Phil, I wish I had thought of your clever idea. I had a 5" tapered flagpole which was long enough for a mast, but we decided it was a bit too light so I cut it in half and I am using the tapered top half for a topmast. Your idea would probably have worked for me. Oh well...
I built my two bandages almost to completion yesterday, using wood strips over a base of three layers of cloth and epoxy. Here. This morning they have cleaned up nicely and I have bogged the gaps. I think this will be a little easier to sand and fit than solid epoxy, and it has been very easy to do, so far. I presume, from your description, that you let the epoxy bandages cure, then made a dry fit – and finally glued the two parts together afterwards, is that right? In any case I think it will stick permanently and Jami can be reassured too. Read on:
Arne wrote:
“Even with a compression force of 200kp (I doubt it will ever reach that on that Gallion), the glue joint will hardly see more load than 0.2-0.4kp/cm2. Now, glue two bits of aluminium together with a contact surface of about 1-2 cm2. and pull them apart. You will find that it takes several kilos force.”
I tried that Arne, at the same time as investigating or comparing a couple of release agents.
I made seven aluminium tabs, each with a glue surface of 4sq cm, and glued them all to a strip of aluminium angle, like this. A liberal amount of glue was applied, to one gluing surface only (the aluminium tab) except in the case of (7). Each of the glue-coated tabs was then laid on the aluminium strip and a small length of timber placed over them, in order to provide a very light amount of pressure, and they were left to cure.
(1) CRC had been applied to the aluminium strip
(2) Baking paper sprayed with CRC had been applied to the aluminium strip
(3) Spray-on release agent had been sprayed on the aluminium strip
(4) Baking paper sprayed with release agent had been applied to the aluminium strip
(5) Baking paper on its own had been applied to the aluminium strip
(6) The aluminium tab (with glue) was laid on the aluminium strip, with no preparation to either of the gluing surfaces.
(7) The two gluing surfaces were carefully cleaned, sanded and primed with epoxy resin. When the resin was half cured, glue was applied to the aluminium tab and it was laid on the aluminium strip
After curing, (2) (4) (5) simply fell off. (3) required a slight bump before falling off. Each of the tabs took the glue with it. Neither CRC nor the spray-on parting agent prevented the baking paper from being glued to the tab.

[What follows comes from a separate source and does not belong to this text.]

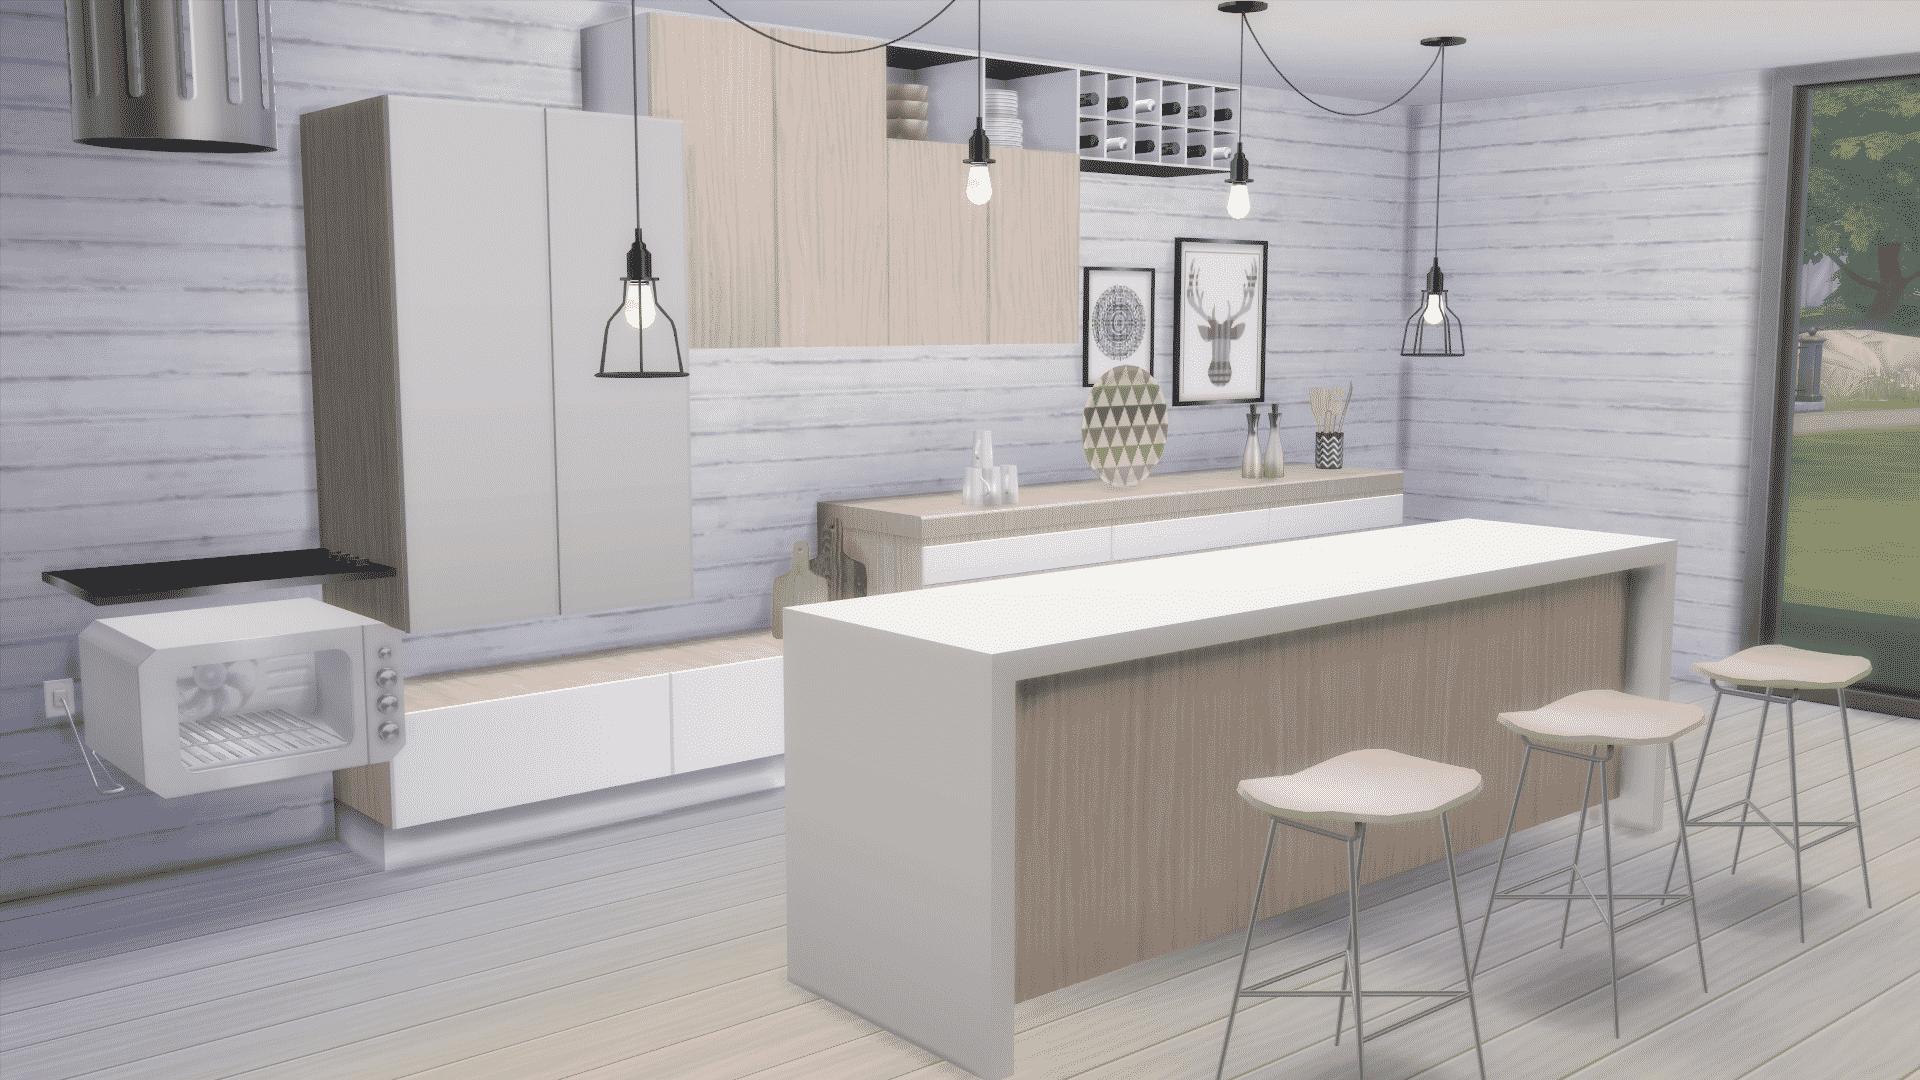 The Sims 4 Custom Content Spotlight Kitchen Sets
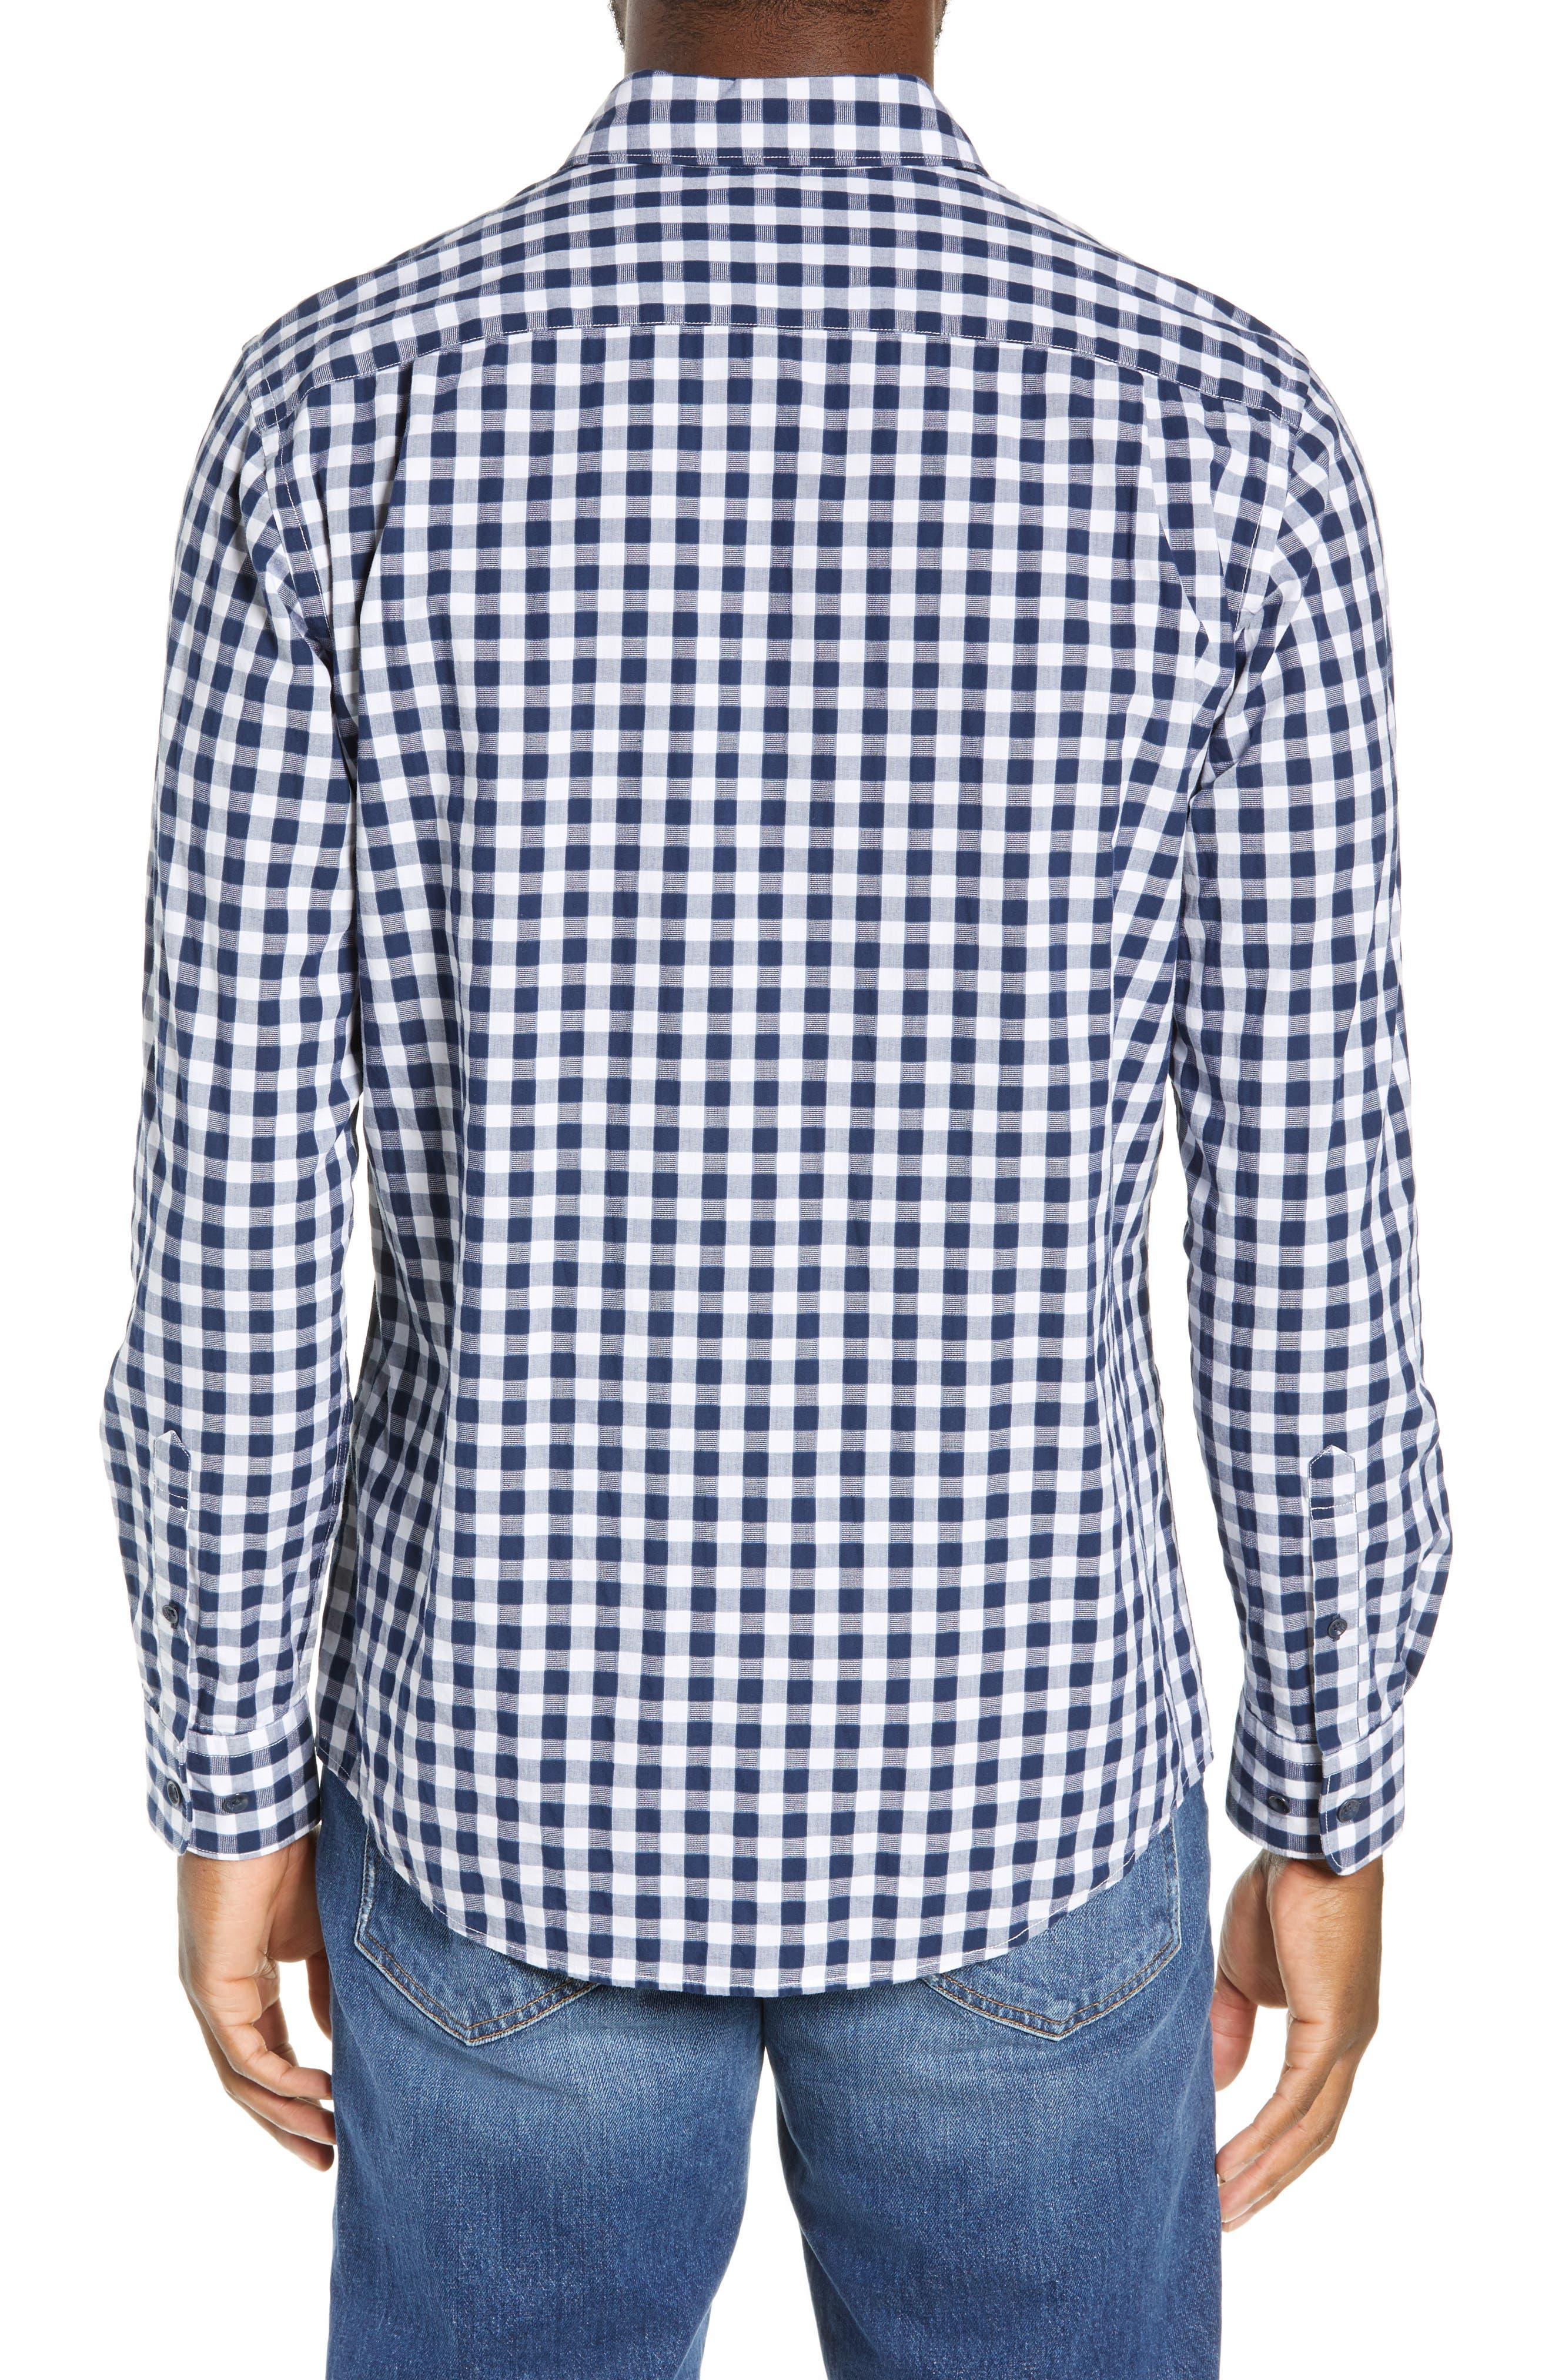 RODD & GUNN, Dixon Check Sport Shirt, Alternate thumbnail 3, color, NAVY

(1) was able to withstand a light tug but was probably not stuck very well – I did not get to test it because it came off at some stage, I did not notice when, and it has been lost.
Conclusion: Proper spray-on parting agent is probably better than CRC but possibly not much better. Baking paper is a total success as a parting membrane. Epoxy will stick to it – but unlike printer paper (which I have tried and failed) it seems not to allow the epoxy to soak through and reach the other surface, hence it comes away cleanly taking the glue with it. See photograph of these results here.
Adhesion of epoxy to aluminium.
I hung various weights from tabs (6) and (7) with a view to testing to destruction.
(7) whose surfaces had been prepared and primed, has not yet failed. Here is a photo of it holding up three car batteries, the tailstock of a large lathe, an anvil and a dumbbell. It was way off the scale (my scales measure up to 50 kg only – that’s slightly more than 3 car batteries). The total weight here is estimated at 75kg or more. Look at the bend in the 40mm x 20mm strip of angle. I had no more weights so I left it stuck on and turned to (6).
(6) which was the simple glue joint and no preparation, held two car batteries and when I added the anvil it held for a moment, then with a bang it let go and something went past my left eyebrow with enough velocity that I decided testing would be over for the day. (It was probably tab (1), hurled off when (6) failed and the aluminium angle strip unsprung.)
I think the glue joint (6) was holding about 40kg when it yielded.
This photograph shows the two failed glued surfaces – evidently half the glue stuck to one surface, and the other half of the glue had stuck to both surfaces. It think if glue had been applied properly to both surfaces, it might have held more.
I went back and did some further testing on (7).
Would anybody like to guess the total static weight this join withheld?
Come on, experts- if anyone is prepared to try a guess, I’ll give you an answer tomorrow.